How AED 75K Went Missing
The prayer usually wasn't answered. The process looked like this. Warehouse B runs low on cement bags. The supervisor calls Warehouse A. "Send 200 bags." Warehouse A loads a truck. The driver delivers. Someone at Warehouse B signs a paper slip. The paper slip goes into a drawer. Nobody enters the transfer in the system. Warehouse A's inventory doesn't decrease. Warehouse B's inventory doesn't increase. The system still shows 200 bags at A and zero at B even though the physical reality is the opposite. This happened 180 times in one year. Not all transfers were missed. But 40% were entered late, 25% were entered with wrong quantities, and 15% were never entered at all.
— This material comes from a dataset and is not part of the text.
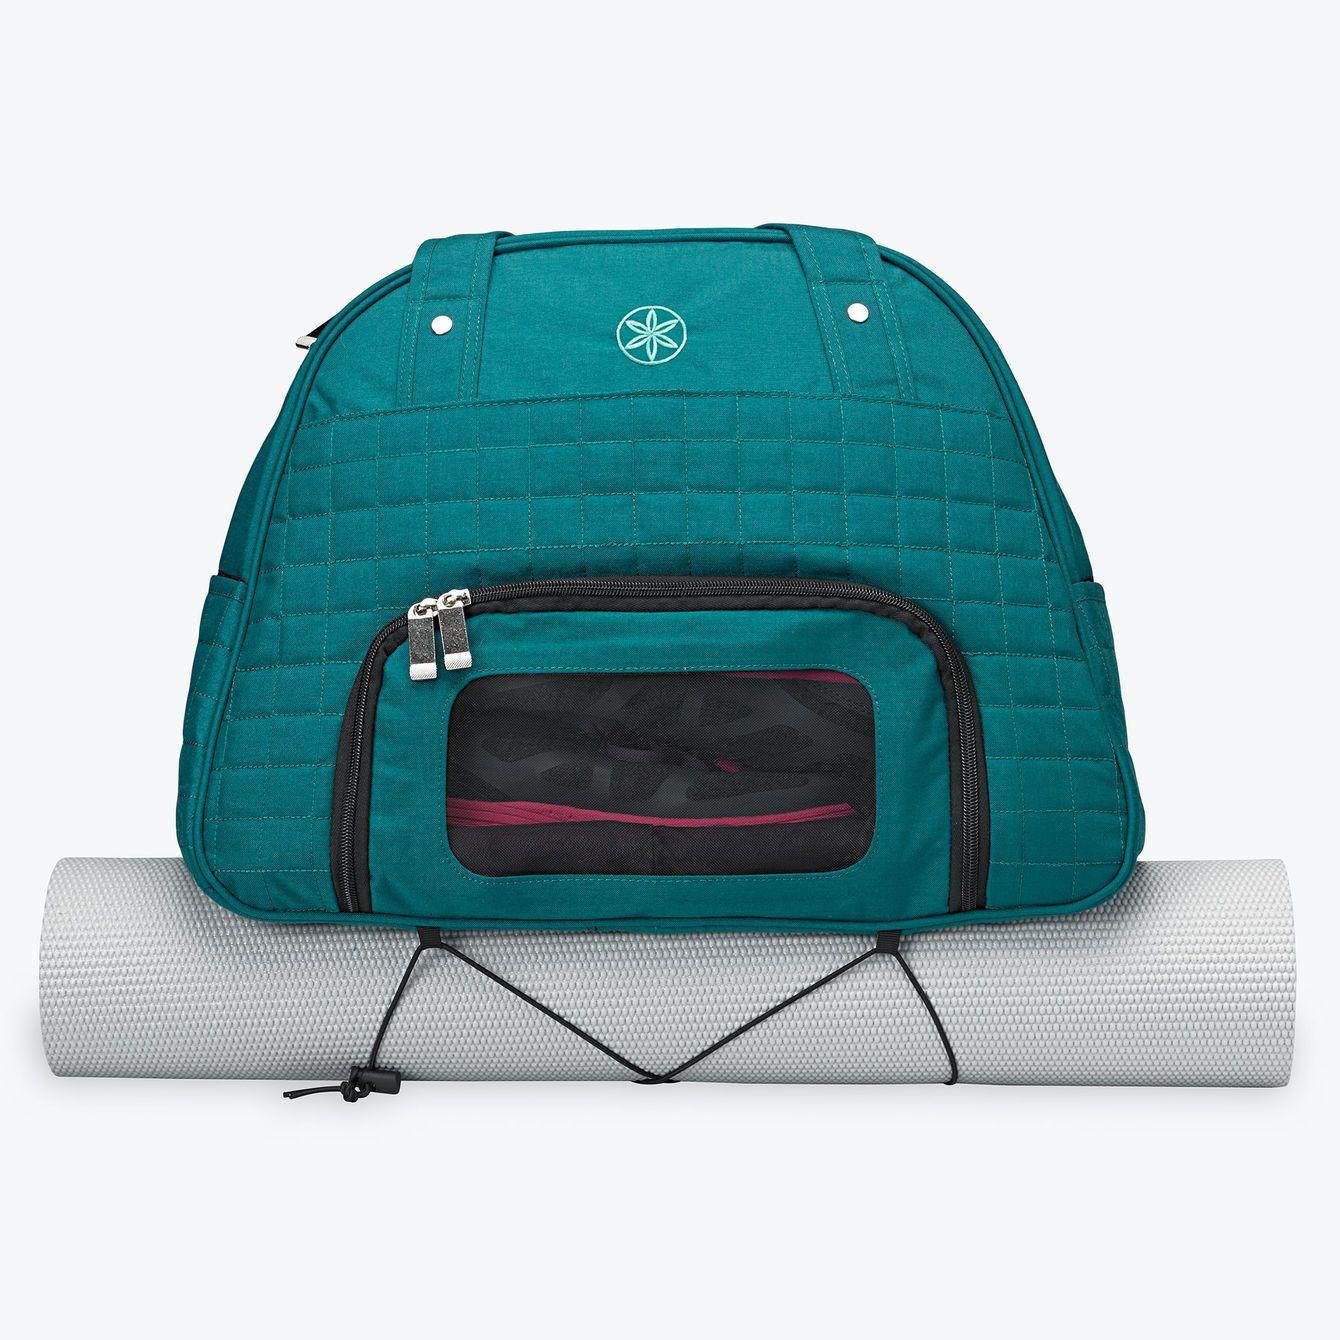 Everything Fits Gym Bag Yoga Mat Bags Gym Bag Bags Yoga Mat Bag

At year end, the combined stock discrepancy across both warehouses was AED 75,000. Stock that existed in one warehouse but was recorded in another. Or recorded nowhere. The annual stocktake took 4 days instead of 2 because half the discrepancies were transfer related. The warehouse teams blamed each other. Warehouse A said "we sent it." Warehouse B said "we never received that quantity." The paper slips in the drawer either confirmed or contradicted depending on which ones you could find. Several were illegible. Two were missing entirely.
What They Tried
They tried a shared Google Sheet for tracking transfers. Both warehouses were supposed to update it. Within a month, the sheet had conflicting entries. A sent 200 bags on March 3. B received 180 bags on March 5. Nobody investigated the 20 bag difference because nobody owned the reconciliation process. The sheet became a third source of wrong data. They tried requiring the driver to carry a printed transfer form with carbon copies. One copy stays at A, one goes to B, one comes back to the office. The carbon copies were hard to read. The forms ran out after 6 weeks and nobody reordered them. The process reverted to phone calls.
What Solved It
ERPNext stock entry with material transfer type. Warehouse A creates a stock transfer in the system. The transfer specifies items, quantities, source warehouse, and target warehouse. Upon submission, inventory at A decreases and inventory at B increases simultaneously. One transaction. Both warehouses updated. No phone calls. The driver carries a printed transfer note generated by the system with a barcode. Warehouse B scans the barcode at receiving to confirm. If quantities don't match, the receiving team rejects and creates a partial receipt. The discrepancy flags immediately for investigation while the driver is still at the dock. A professional implementation configured the transfer workflow, trained both warehouse teams, and installed a barcode scanner at Warehouse B within week 2 of deployment. Total hardware investment: AED 500 for the scanner. Total process setup: 3 hours.
The Outcome
Transfer recording accuracy went from 60% to 99% in the first month. Year end stocktake discrepancy dropped from AED 75,000 to AED 8,000. The remaining AED 8,000 came from non transfer sources that were separately identifiable and correctable. Stocktake duration fell from 4 days to 1.5 days because the transfer reconciliation problem no longer existed. The warehouse teams stopped blaming each other because the system showed exactly who sent what, when, and who received it. At AED 1,999 per month, the multi warehouse module with stock transfers is a core feature. For any company operating more than one storage location, it eliminates the phone call, email, and prayer method that loses inventory in the gap between what was sent and what was recorded. Every business with multiple warehouses has a version of this story. The details change. The AED 75K changes. But the pattern is identical: transfers happen physically faster than they get recorded digitally, and the gap costs real money every single time.